§ **PROMPT**: Where a line of the entries holds the string "come", copy that line.

§ **GIVEN RECORDS**:
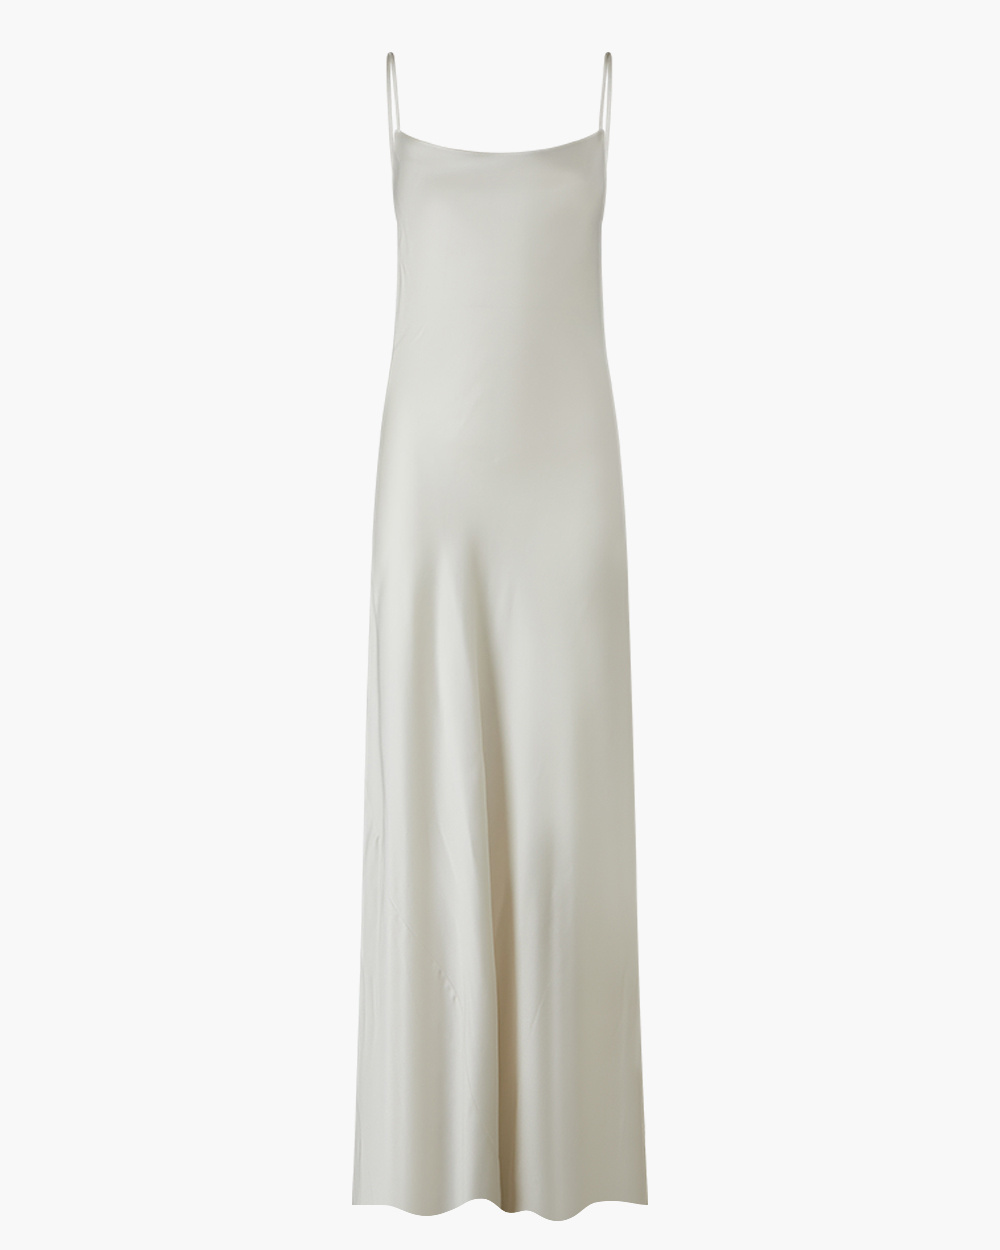 ABITO MAXI ISABELLE IN SATIN BIANCO
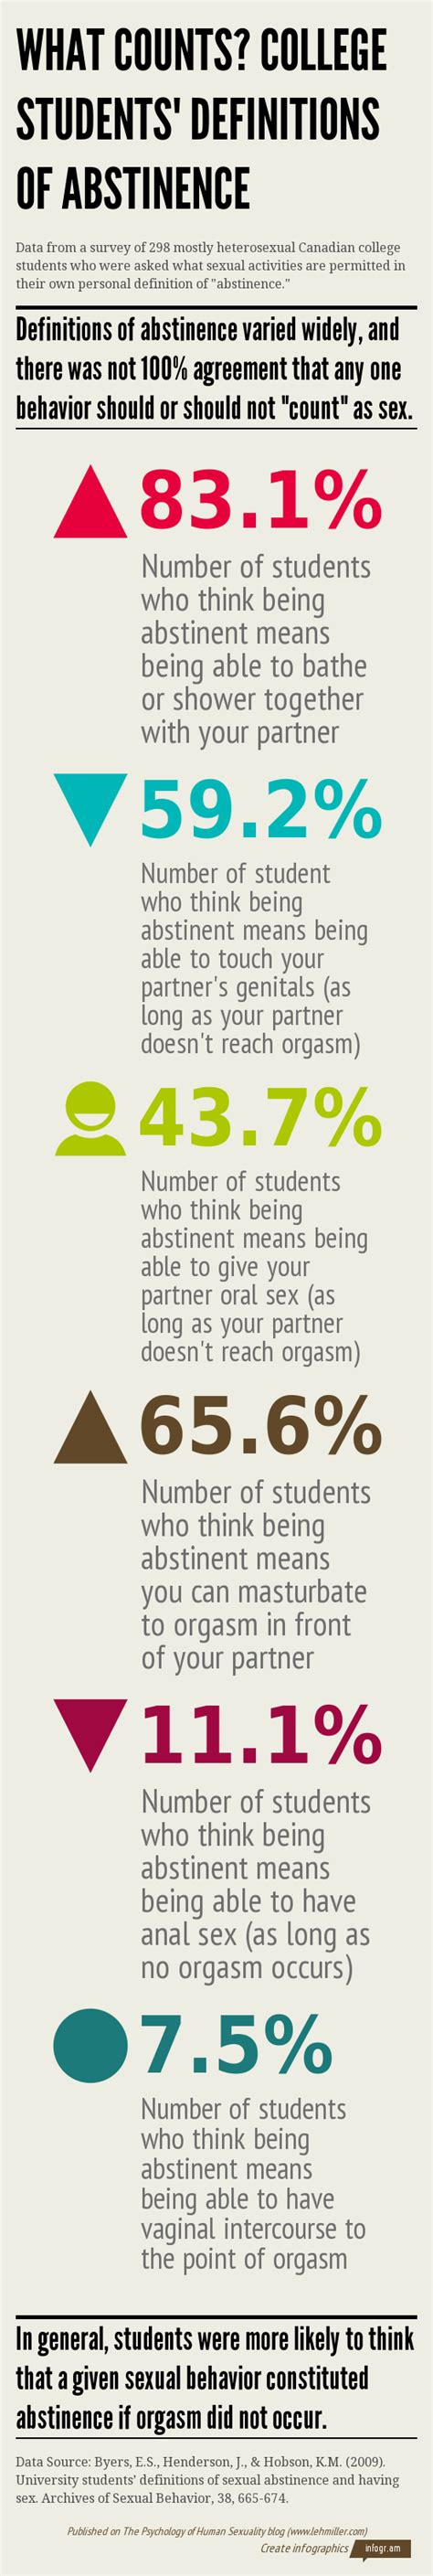 What Counts College Students Definitions Of Abstinence Infographic
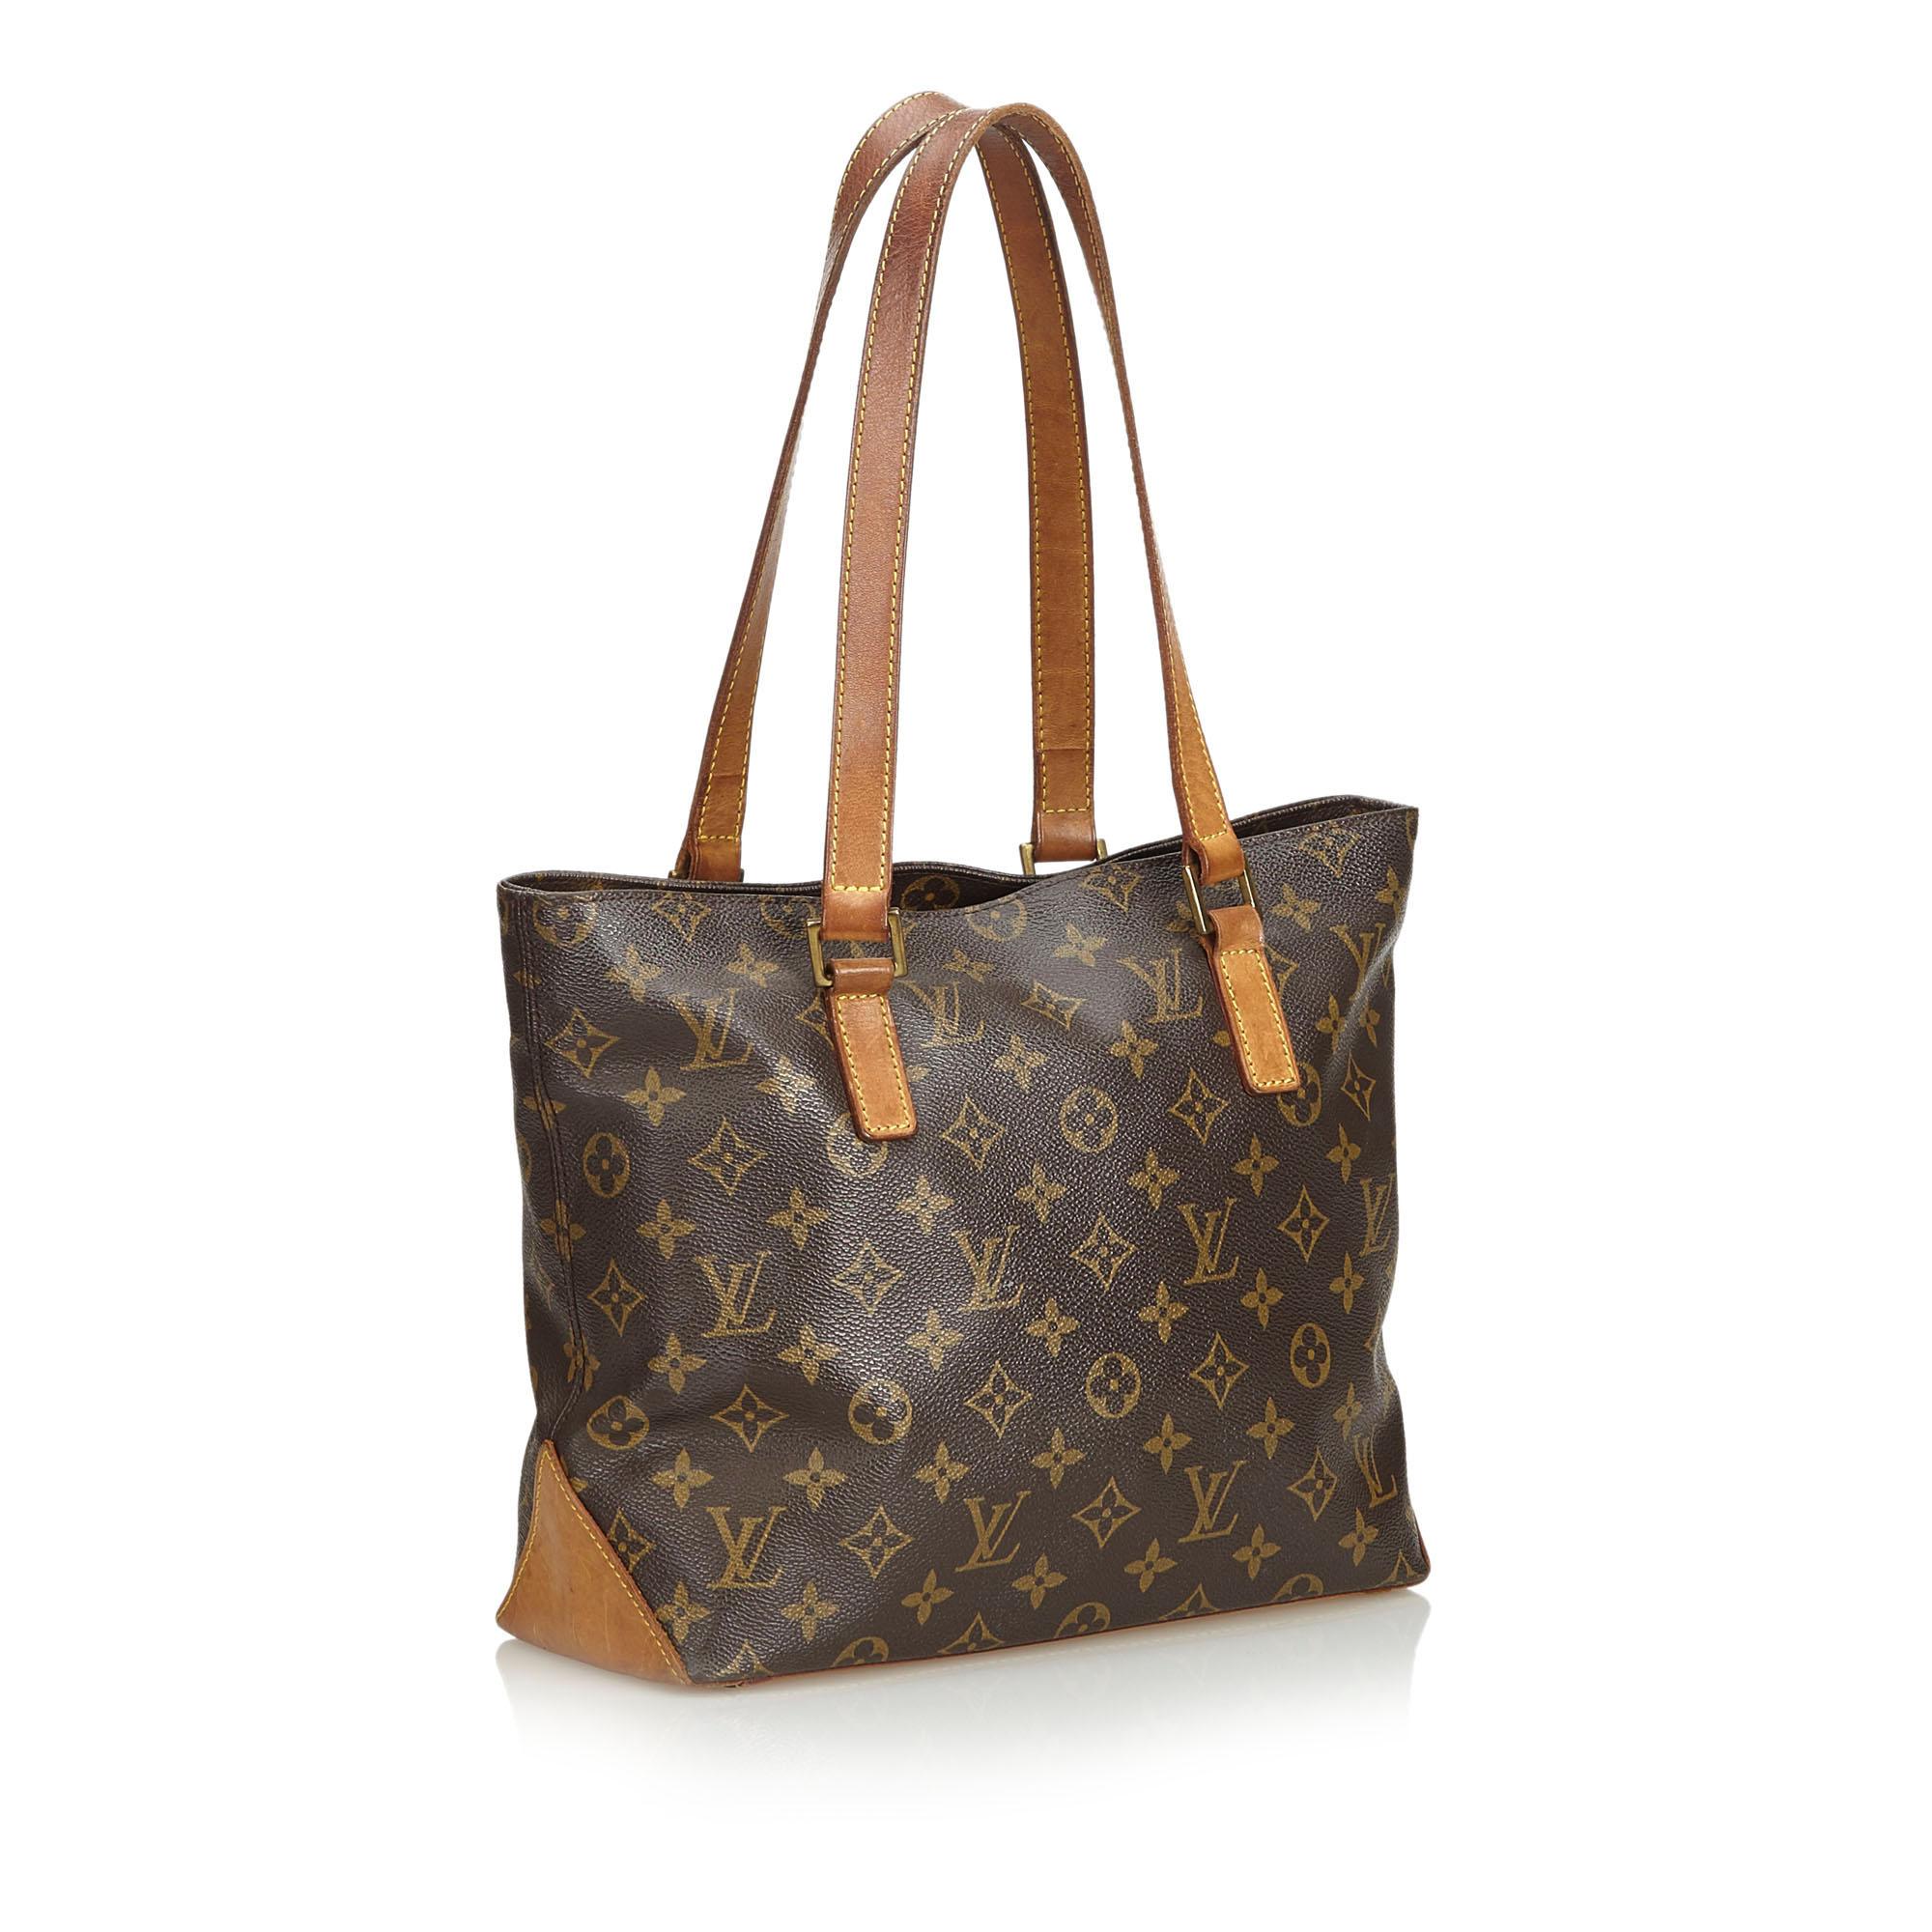 The Cabas Piano features a monogram canvas body, flat leather straps, a top zip closure, and interior zip and slip pockets. It carries as B condition rating.

Inclusions: 
This item does not come with inclusions.


Louis Vuitton pieces do not come

§ **RESPONSE AREA**:
This item does not come with inclusions.
Louis Vuitton pieces do not come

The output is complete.